Amigo, entonces revisa si el programador esta quemando correctamente. Ademas el pin CE y OE deben estar a GND. Y el Terminal R/W a nivel alto.-


----------



## jhary3000 (Oct 10, 2011)

Hola a todos...
Tengo una pregunta respecto a la programación de las memorias EEPROM, en especial las 24LC02, 24LC04, 24LC08, 24LC16.

Lo que pasa es que necesito guardar un conteo de servicios de una maquina, y necesito que esa información NO se borre ni cuando el microcontrolador es desconectado de VCC (5v).

Estoy utilizando el microcontrolador de Freescale MC68HC908GP32 el cuan NO tiene EEPROM,, por lo que me decidí a utilizar una memoria de las anteriormente nombradas (24LC02...)

Mi pregunta es:
*¿Cómo puedo guardar el conteo en la 24LCxx desde el MC68HC908GP32?..
¿Cómo sería el diagrama de conexión?*

Nota: Estoy programando en Codewarrior en lenguaje C.

Gracias..!!


----------



## D@rkbytes (Oct 10, 2011)

jhary3000 dijo:


> Mi pregunta es:
> *¿Cómo puedo guardar el conteo en la 24LCxx desde el MC68HC908GP32?..
> ¿Cómo sería el diagrama de conexión?*


Lo mejor para que comprendas como se transfieren los datos a esas memorias
es que le des una leida al protocolo I2C BUS


----------



## baterod3 (Dic 14, 2011)

Estoy haciendo un programador de eeprom AT28c64, por medio del puerto paralelo y su software en visual basic, pronto les alcanzaré el proyecto....
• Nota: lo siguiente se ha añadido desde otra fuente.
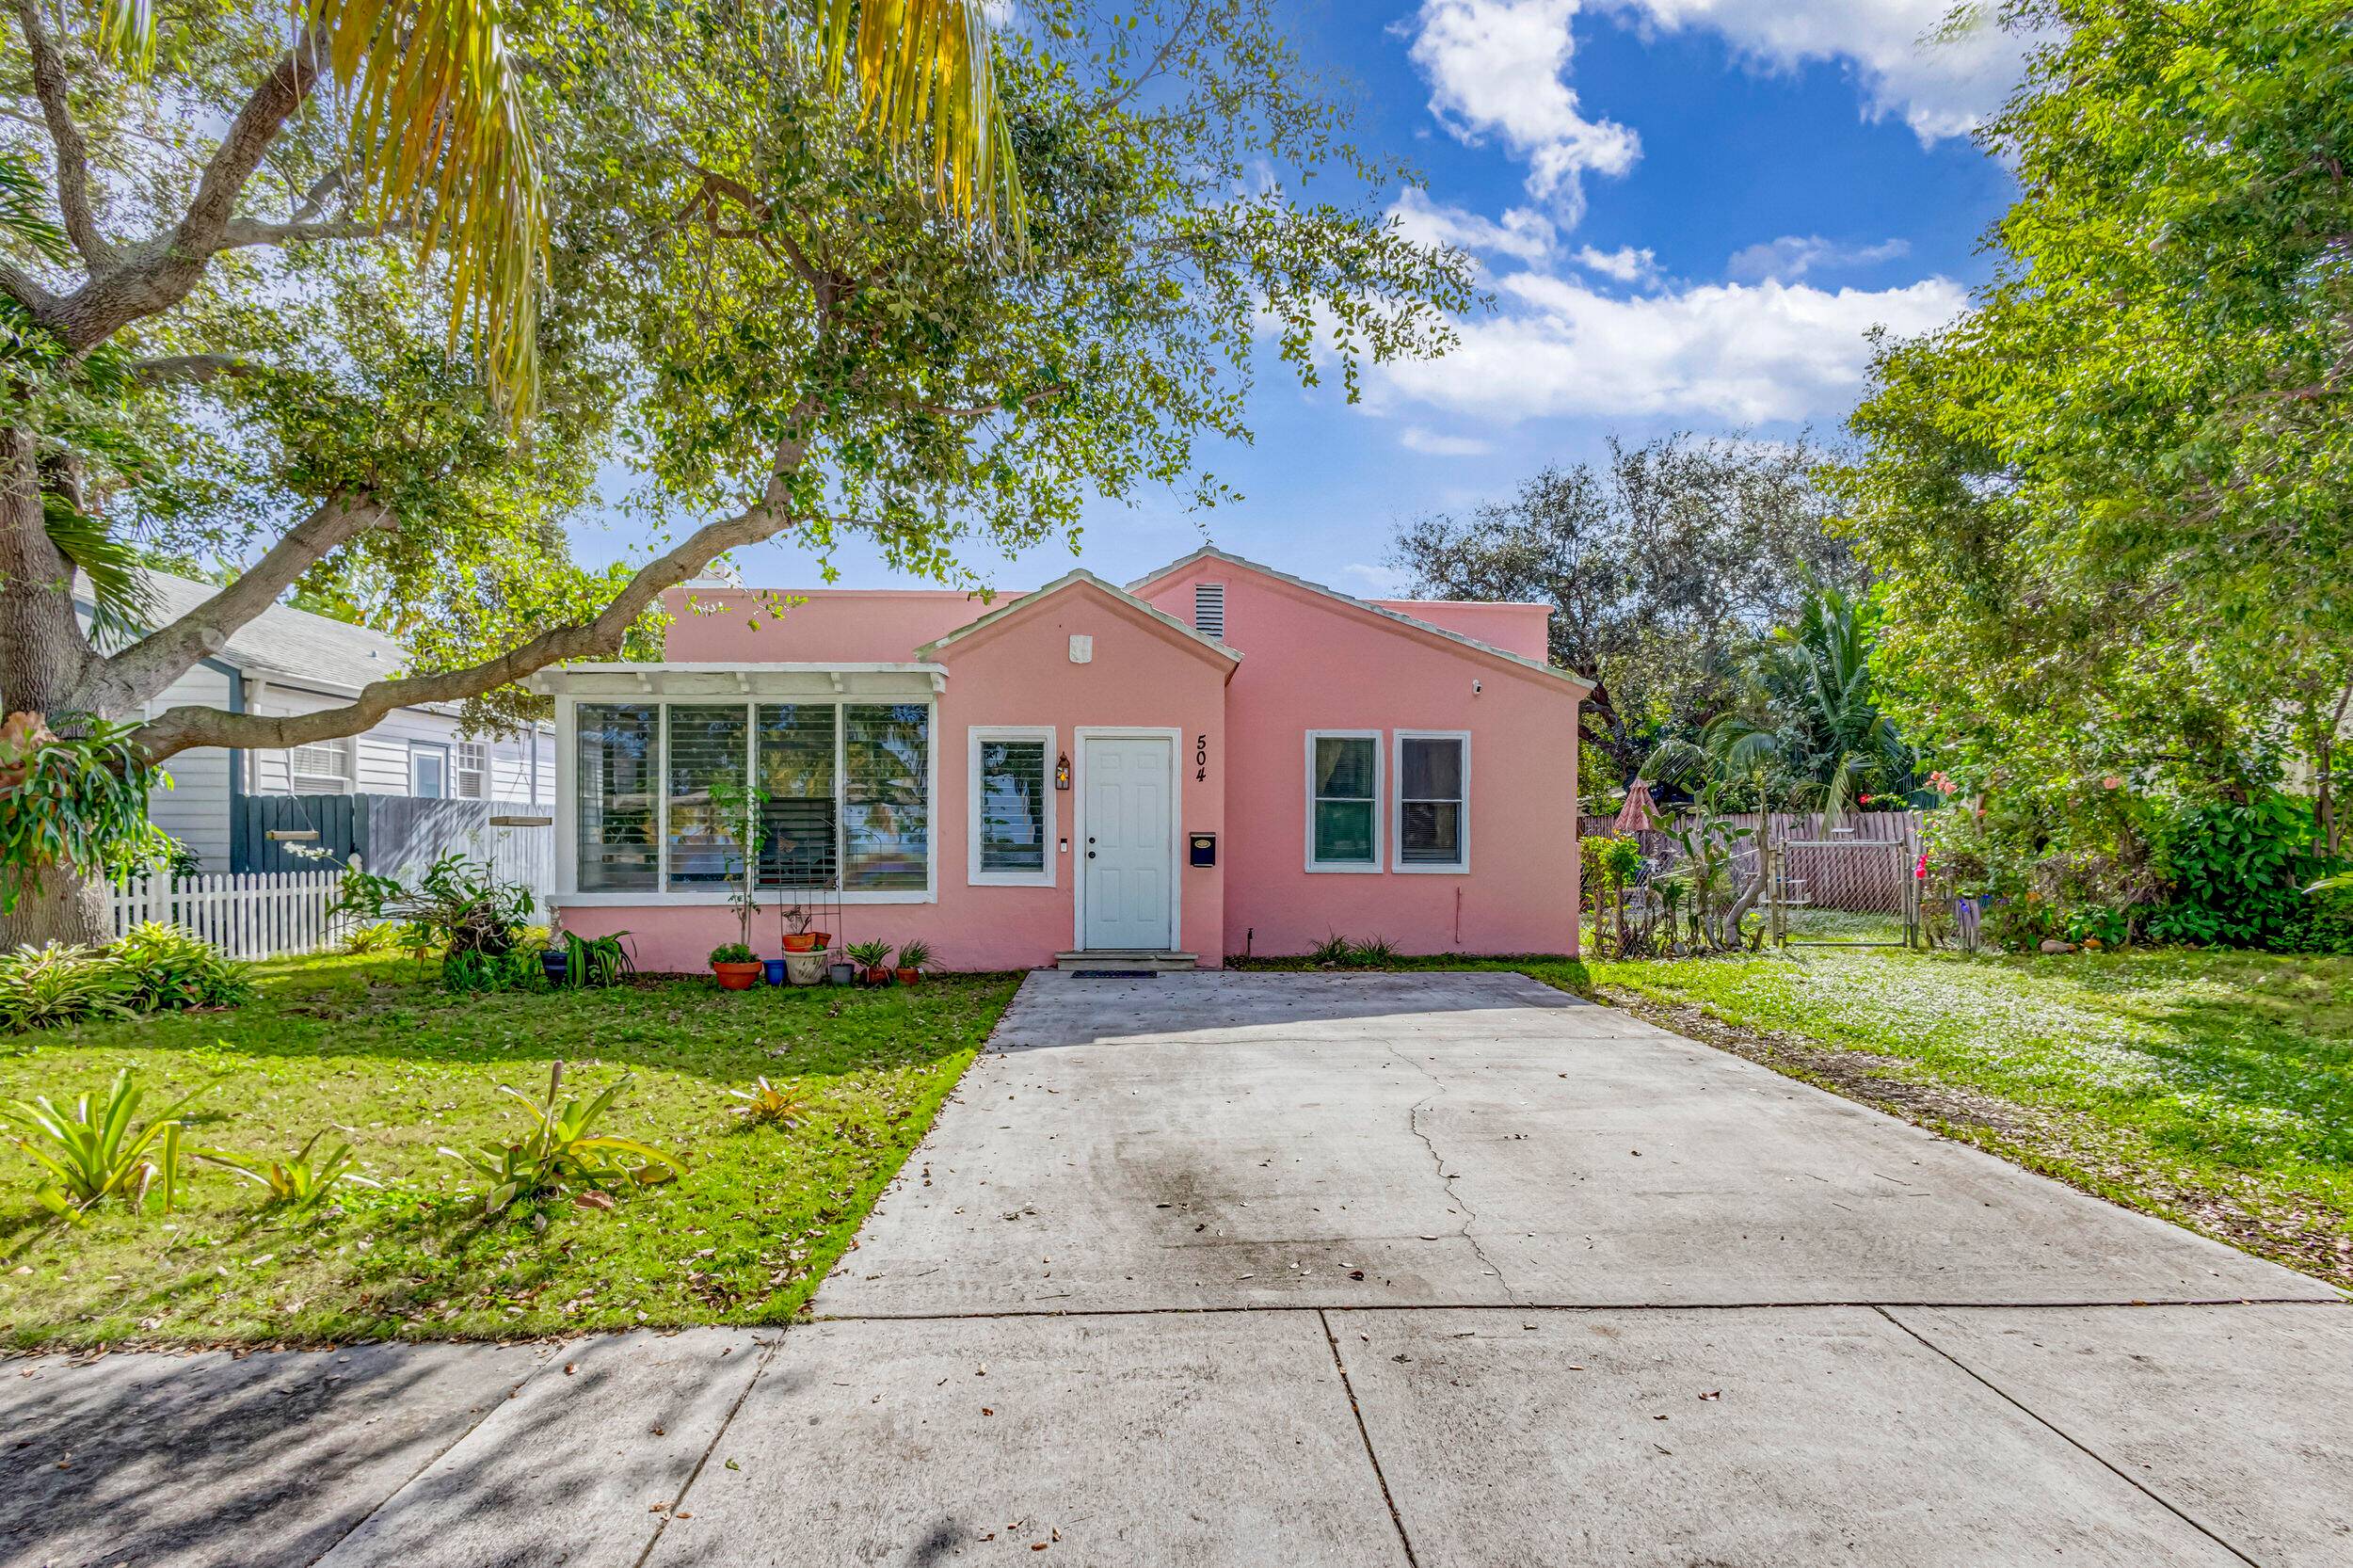 Welcome to this 1930 Spanish charmer located on an adorable Oak lined street just blocks from the intra coastal in the chic, extremely desirable Northwood neighborhood.

Ninguno de los programadores que he encontrado me han servido...son un asco....


----------



## luxen (Dic 15, 2011)

Gudino Roberto duberlin dijo:


> Amigo, entonces revisa si el programador esta quemando correctamente. Ademas el pin CE y OE deben estar a GND. Y el Terminal R/W a nivel alto.-



Gracias! ya los conecte asi y funciono 100% ya hace bastante tiempo de esto pero hasta ahora me pase a agradecer. Pronto comenzare a experimentar con el ardruino one, con el pic atmega328, posteriormente pondre por aca los resultados. Saludos.


----------



## baterod3 (Dic 15, 2011)




----------



## reyvilla (Ene 9, 2012)

Hola yo tengo una consulta y aprovechando para no abrir otro tema, yo ya se programar la eeprom y se crear el archivo .bin para cargarselo, mi problema esta en como organizo la información si existe alguna manera ya estandarizada o simplemente yo asigno para que voy a utilizar cada espacio de memoria, lo digo por lo siguiente, en mi caso yo deseo guardar información en código ascii por supuesto en la memoria quedaría en código en hex del valor ascii, ahora, la información es relacionada a usuarios, digamos FECHA DE NACIMIENTO, SEXO, DIRECCION, E-MAIL, ETC...Como seria la manera mas optima si existe o como dije si yo simplemente le asigno espacios de memoria los cuales tengo que recordar luego de quien es quien en la memoria...La memoria que utilizo son las misma nombradas 24c16...Gracias de antemano


----------



## Gudino Roberto duberlin (Ene 9, 2012)

Hola Colega, la informacion puedes organizarla a tu antojo, pues tu organizas y declaras tu propio protocolo, no necesariamente debes almacenar secuencialmente la informacion, salvo que a tu sistema debas implementarlo en algun otro sistema previo, pues logicamente deberas ajustarte al medio. Exitos!.


----------



## reyvilla (Ene 9, 2012)

Hola Roberto gracias por tu respuesta, hice un pequeño archivo en excel con el cual me ayude a organizar la memoria, de tal manera que no ocurra un fallo a la hora de consultar la información, uno de los problemas que tuve fue que yo utilizo PICBASIC PRO  con microcode y debido a eso estuve algo limitado al escribir en la memoria ya que quería enviar todos los datos de una vez, en total eran 32bits de datos y la memoria solo permite almacenar de 16bits a la vez por lo que tuve que hacerlo en 3 partes, a la final si quedo organizado cada espacio de memoria a lo que yo quería, aunque aun faltan parámetros por almacenar ya empece con los primeros 32bit de espacio de memoria...Ahora la idea no es guardar directamente la información en la memoria, la idea es que a trabes de un algoritmo pueda hacer lo mismo, empece al revés para hacer bien los cálculos a la hora de almacenar la información, por ejemplo, yo voy a generar una lista de pacientes que cada paciente va a tener un nombre un apellido, fecha de ingreso fecha de egreso, etc...Cada parámetro tiene una longitud de memoria que yo pre-establezco,  para la fecha serian 3bits, 09/01/12, para el nombre como voy a colocarlo en una lcd, lo defino a 16bits del 0 al 15 y igual con el apellido y los demás parámetros.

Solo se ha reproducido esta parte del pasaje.